I was able to understand why this is happening. The profiler is writing the profiler data in a different place in the hierarchy. Once that issue is solved, and the profile duration is long enough, for me, the step marker issue is going away. I will provide details in the next day or so.

pritamdodeja commented 1 year ago

@JustASquid @foxik Here is my understanding of the possible cause of this:

Let's say you usually run tensorboard --logdir model_run to start tensorboard

tensorboard expects plugins/profile to exist in model_run/<run number>/<train|validation>

Starting with tensorflow 2.12 (possibly earlier) plugins/profile is instead appearing at model_run/<run number>

This is causing tensorboard to not see the profile data, and not activating the profiler in the UI, etc. Once you manually rectify this by copying the data using

cp -Rpv ../plugins .

in model_run/<run number>/<train|validation>

and refresh tensorboard, it should start seeing the profiler.

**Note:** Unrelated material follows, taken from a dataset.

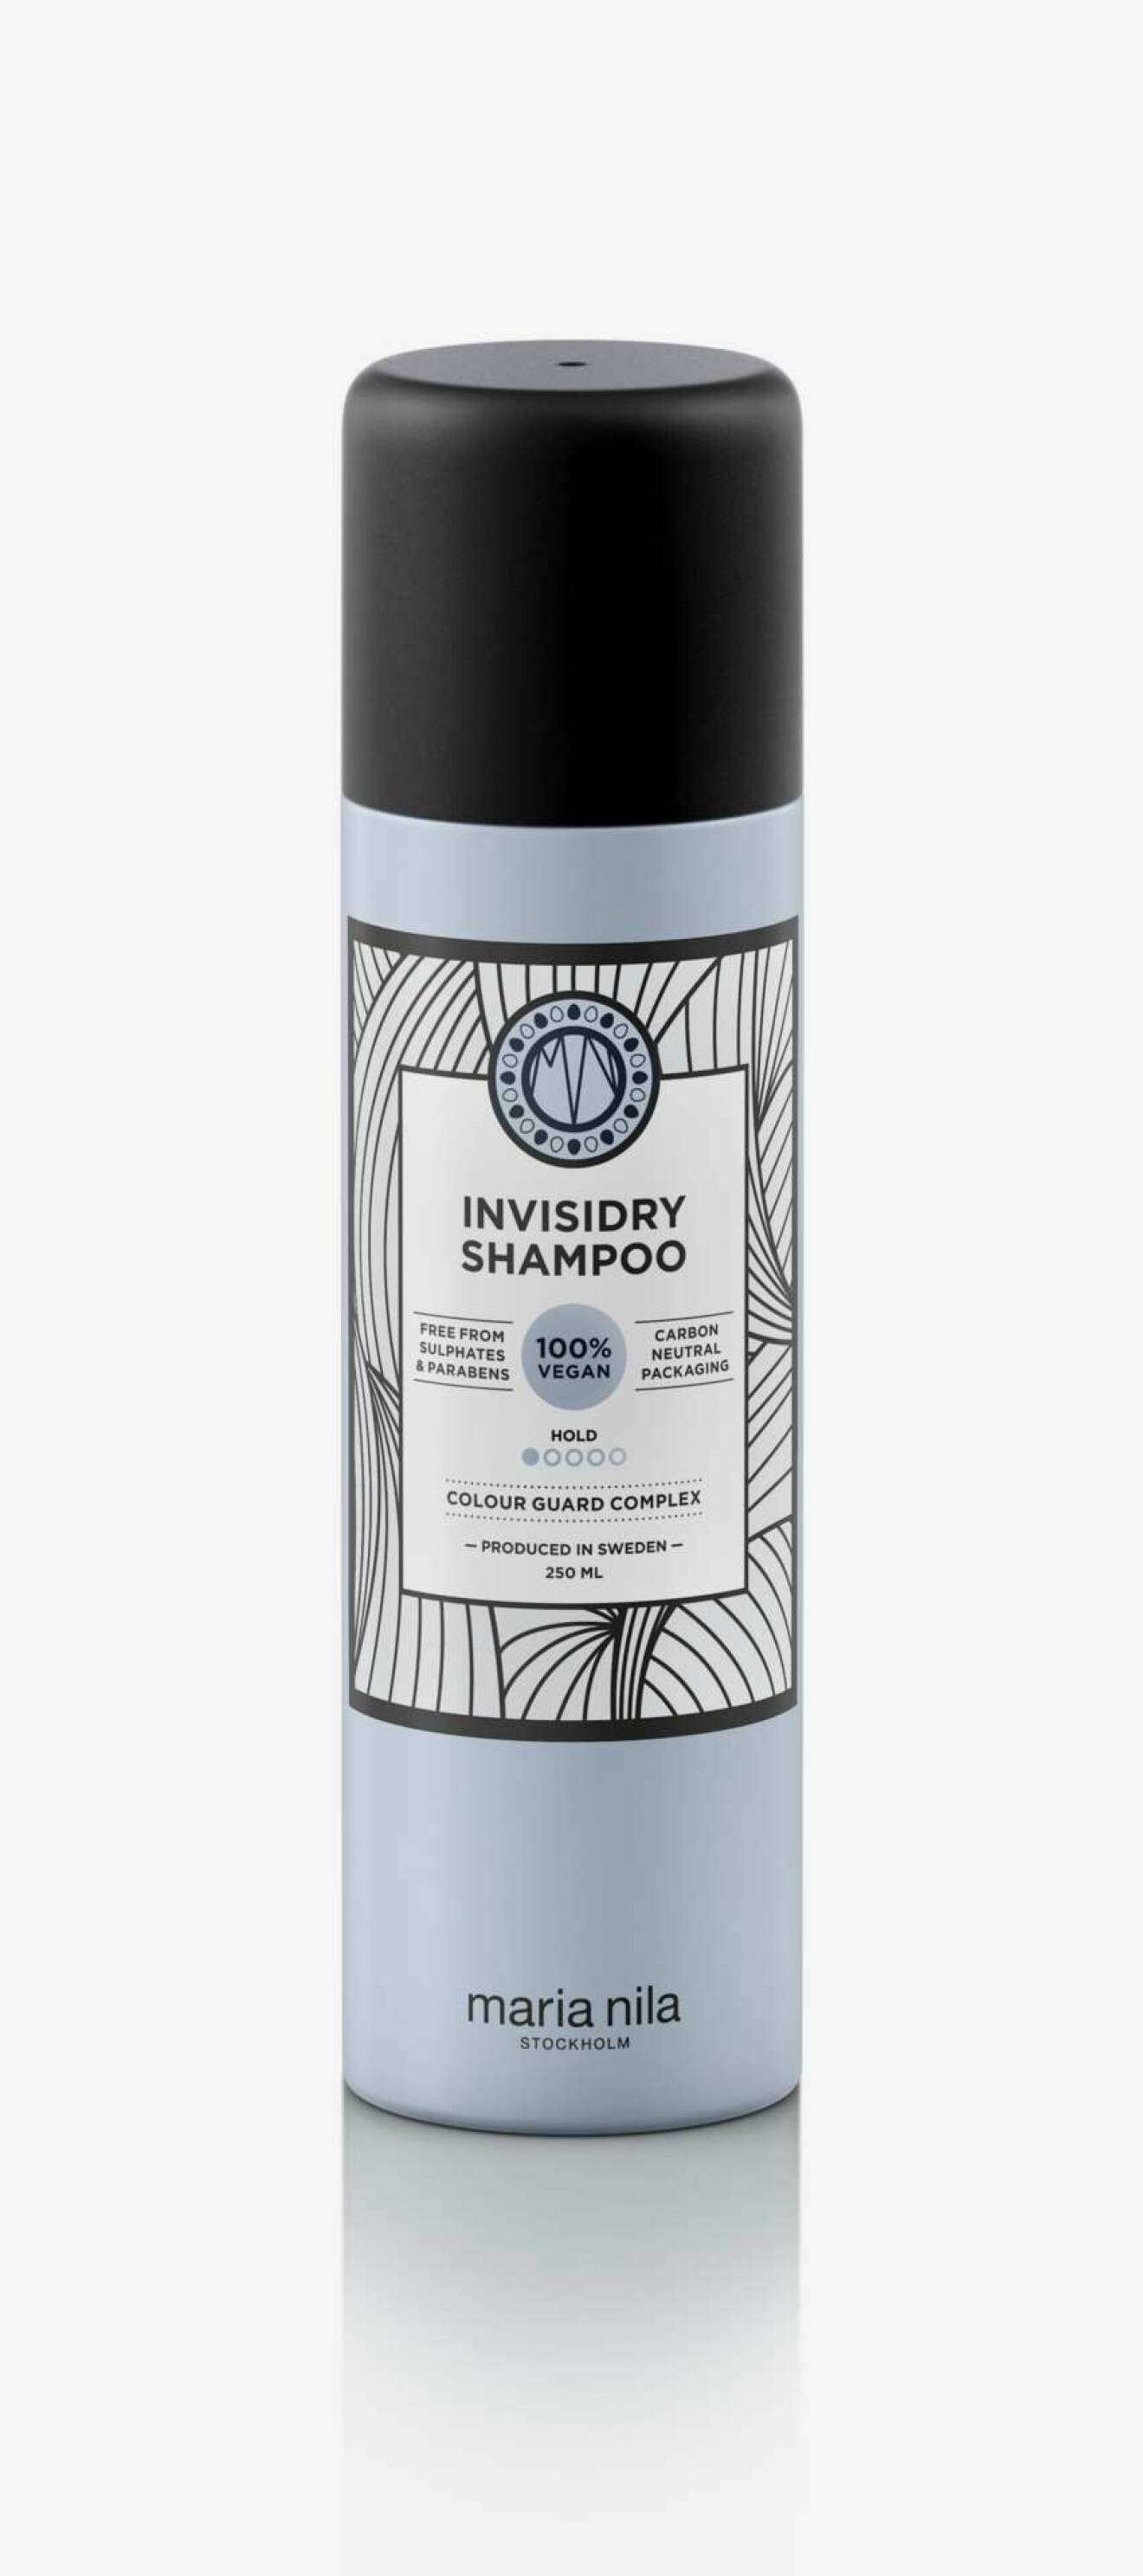 En bild på ett torrshampo, produkten Maria Nila – Invisidry Shampoo.

If I had to guess what introduced the change/error, I would say it's somewhere in the vicinity of

tensorflow/tensorflow/core/profiler/convert/xplane_to_tools_data.cc

More specifically, in the tensorflow repo, I suspect the following might be helpful to figure out what exactly broke this

git diff 7a500e 4d4873 tensorflow/tensorflow/core/profiler/convert/xplane_to_tools_data.h

My use-case is in the context of a tfx pipeline, but I believe this applies to other use cases where profiling is happening, so likely your log_dir and hierarchy might be different, but relatively, the problem should be the same.

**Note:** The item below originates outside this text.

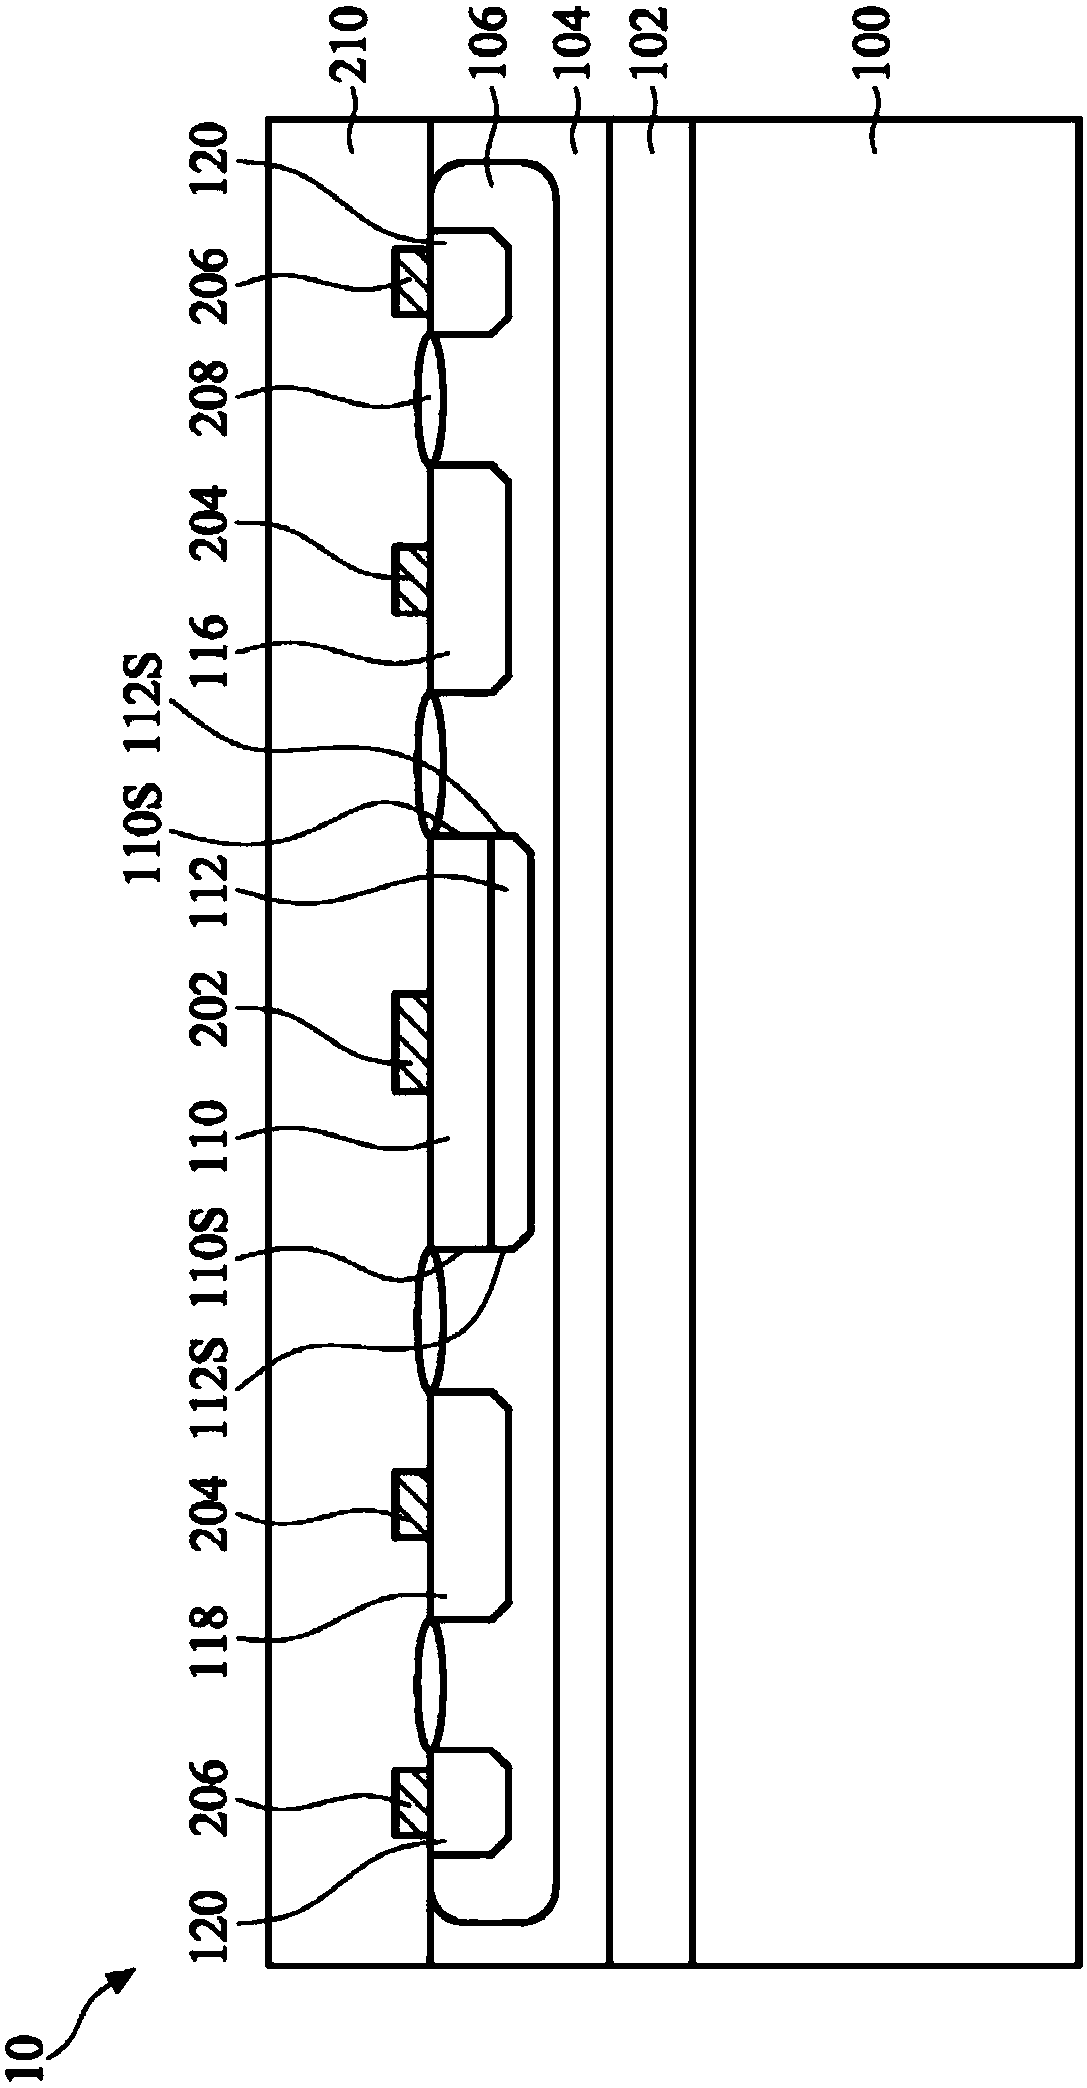 Transient voltage suppression device

Gaura commented 1 year ago

Hello,

Thanks for raising and discussing the issue. I am facing the same issue. Could you tell me if this is resolved?

Thanks.

stellarpower commented 6 months ago

In my case I am able to obtain stats for example code similar to what @pritamdodeja has provided above, but not when I change to my own loss function that I am trying to debug (and this runs okay). I get the impression the core profiler is not outputting those markers, as they don't appear to be in the protobuf file, so have opened here.